Error in coverage_plots_chromosomes

KolmogorovLab / Wakhan

Haplotype-specific somatic copy number aberrations/profiling from long reads sequencing data

MIT License

27 stars 0 forks source link

Error in coverage_plots_chromosomes #6

Closed xwBio closed 3 weeks ago

xwBio commented 8 months ago

Dear,

I encountered an error when running this software. Could you please help me resolve it? Thank you in advance.

" DEBUG:root:chr1: Ignoring centromere at 499 of 4980 bins (size 1) DEBUG:root:chr1: Ignoring centromere at 499 of 4980 bins (size 1) Traceback (most recent call last): File "/Wakhan-main/src/main.py", line 268, in main() File "/Wakhan-main/src/main.py", line 227, in main coverage_plots_chromosomes(csv_df_coverage, csv_df_phasesets, arguments, thread_pool) File "/Wakhan-main/src/plots.py", line 294, in coverage_plots_chromosomes add_histo_clusters_plot(df_cnr_hp1.log2.values.tolist(), df_cnr_hp2.log2.values.tolist(), states, centers, stdev, arguments, chrom, html_graphs) File "/storage/yangjianLab/sunxiwei/software/Wakhan-main/src/plots.py", line 1003, in add_histo_clusters_plot fig.add_trace(go.Scatter(x=xn, y=yn, mode='markers', marker=dict(color=cdict[g]), name=ldict[g], opacity=0.7, ), KeyError: 10" "

Best regards, Xiwei

tahashmi commented 8 months ago

Sure, I will debug it, but you can just comment this line and rerun it, it will not effect any functionality.

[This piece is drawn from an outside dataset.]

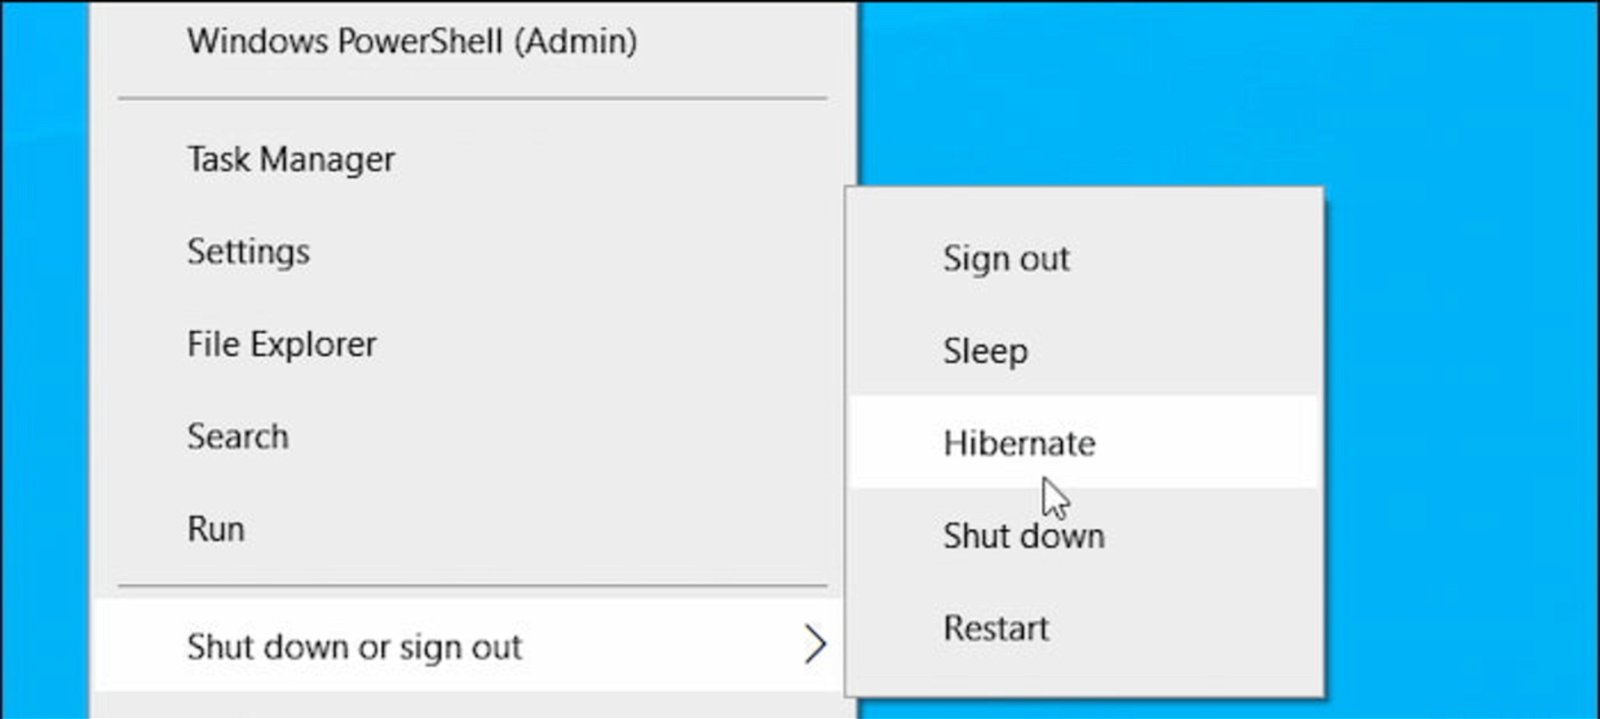 El modo hibernación de Windows ha sido diseñado para apagar el ordenador, desactivar las conexiones y ahorrar energía
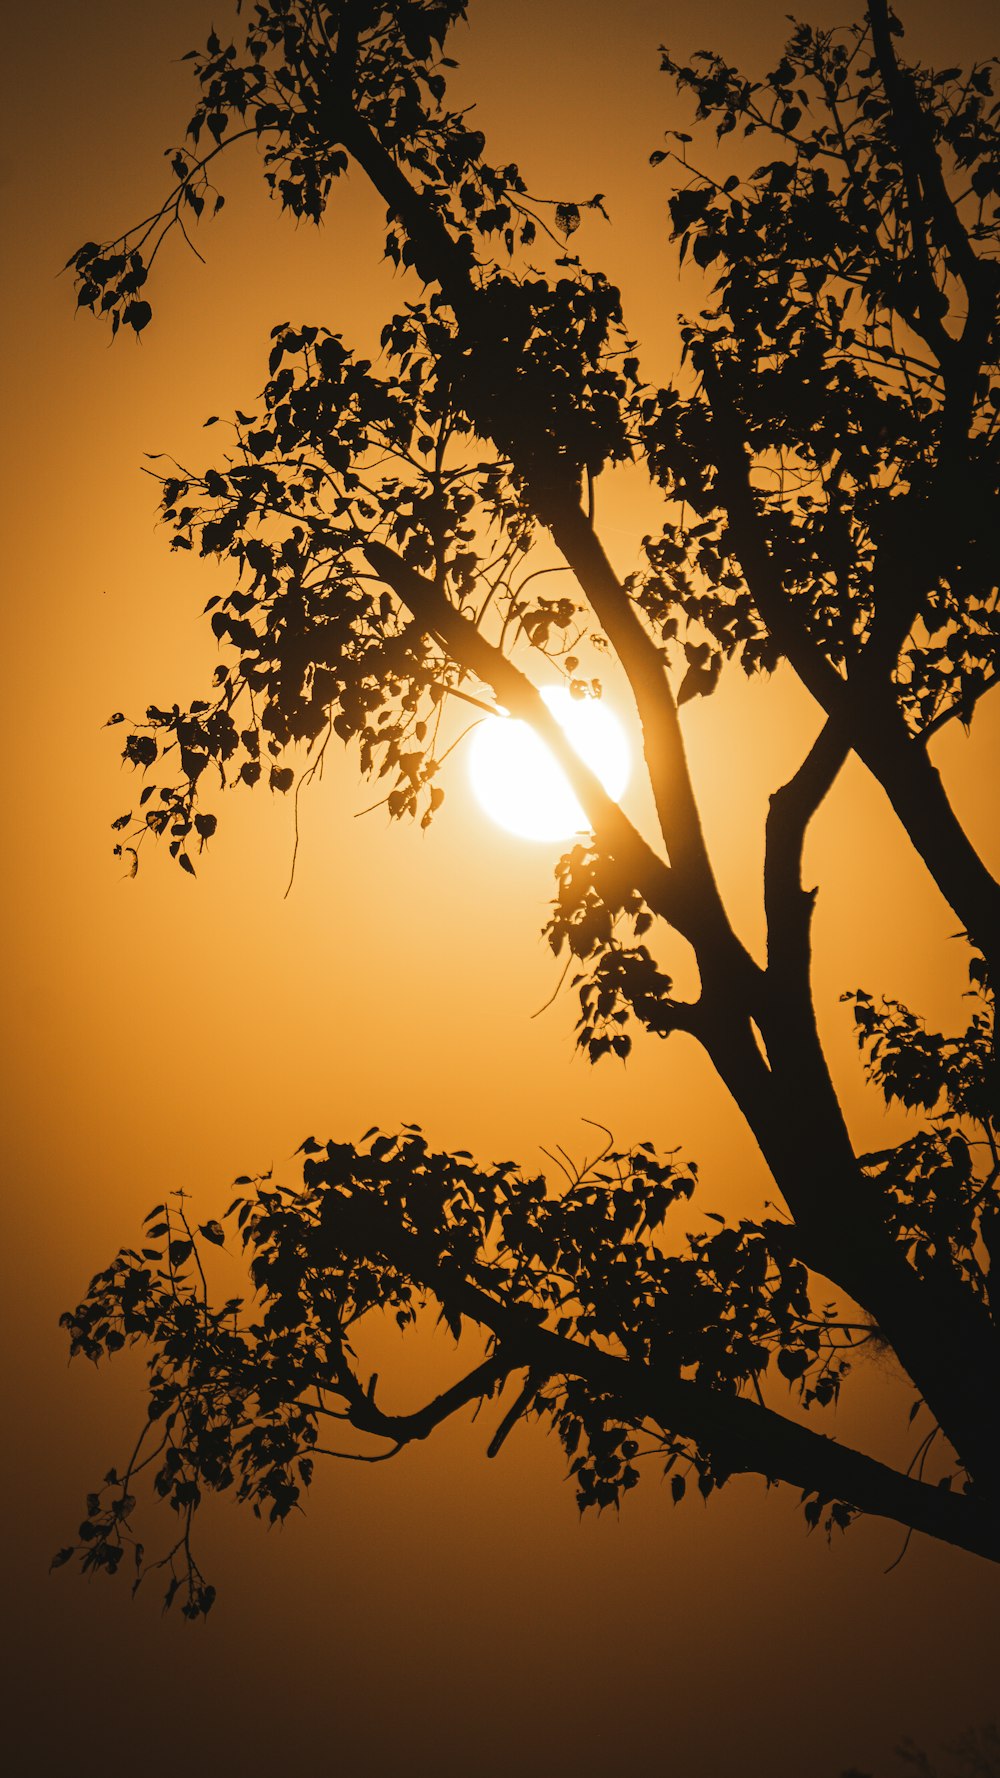 El sol se está poniendo detrás de un árbol sin hojas

It's just for an extra debug.

tahashmi commented 8 months ago

Hi, are you using the latest repo , its already disabled there. Please use the main latest repo. Thanks!

xwBio commented 8 months ago

Hi, are you using the latest repo , its already disabled there. Please use the main latest repo. Thanks!

Dear,

After running the software with the latest version, the previous issue has been resolved.

Thank you very much.

Best regards, Xiwei

xwBio commented 8 months ago

Dear,

However, upon using the updated version, I've come across another error below.

" DEBUG:root:chr22: Ignoring centromere at 103 of 1017 bins (size 1) INFO:root:Generating coverage/copy numbers plots genome wide Traceback (most recent call last): File "/storage/yangjianLab/sunxiwei/software/Wakhan-main/src/main.py", line 295, in main() File "/storage/yangjianLab/sunxiwei/software/Wakhan-main/src/main.py", line 283, in main integer_fractional_means = integer_fractional_cluster_means(arguments, df_segs_hp1, df_segs_hp2, centers) File "/storage/yangjianLab/sunxiwei/software/Wakhan-main/src/utils.py", line 499, in integer_fractional_cluster_means integer_centers, fractional_centers = detect_first_copy_integers_fractional_cluster_means(arguments, df_segs_hp1, df_segs_hp2, centers) File "/storage/yangjianLab/sunxiwei/software/Wakhan-main/src/utils.py", line 450, in detect_first_copy_integers_fractional_cluster_means first_copy = centers[sumsup.index(sorted(sumsup, reverse=True)[1])] IndexError: list index out of range

Best regards, Xiwei

tahashmi commented 8 months ago

Can you help me in debug? I think centers value is NULL or something else is wrong.

Copy coverage.csv, coverage_ps.csv and <Your genome name>_SNPs.csv files from data/ output dir (it should be in src) of your current run to some separate directory i.e., /home/abc/dry_run_data.
I have just update dry_run command, so git clone the latest code somewhere else
Print some data by adding following in main.py after line:
```
print(df_segs_hp1)
print(df_segs_hp2)
print(centers)
```
Then run again the code with adding this command additional to what you use already: --dryrun True --dryrun-path <This is the path where you copied CSVs files in step-1, ie. like, /home/abc/dry_run_data/>
Please show me the log then.

Dry run will be quick, it will use existing coverage/pileup data.

Thanks!

xwBio commented 7 months ago

Dear,

Please find the debug output. Wakhan_debug_out.txt

Best regards, Xiwei

tahashmi commented 7 months ago

Thanks. Looks like somehow correct means are not being provided to HMM. Are you using --phaseblock-flipping-enable True ? Then enabling --phaseblocks-enable True will help to see the phaseblocks.

Can you try running again this dryrun with inserting following means/stdev above this line:

means = [0, 5.5, 13, 22, 28, 32]
stdev = [1, 5, 5, 5, 5, 5]

After this, if possible looking at <genome_name>_genome_copynumber.html will help how the coverage looks like.

xwBio commented 7 months ago

It worked. Thank you.

Additionally, as I cannot find a manual, could you kindly provide some guidance on how this software works?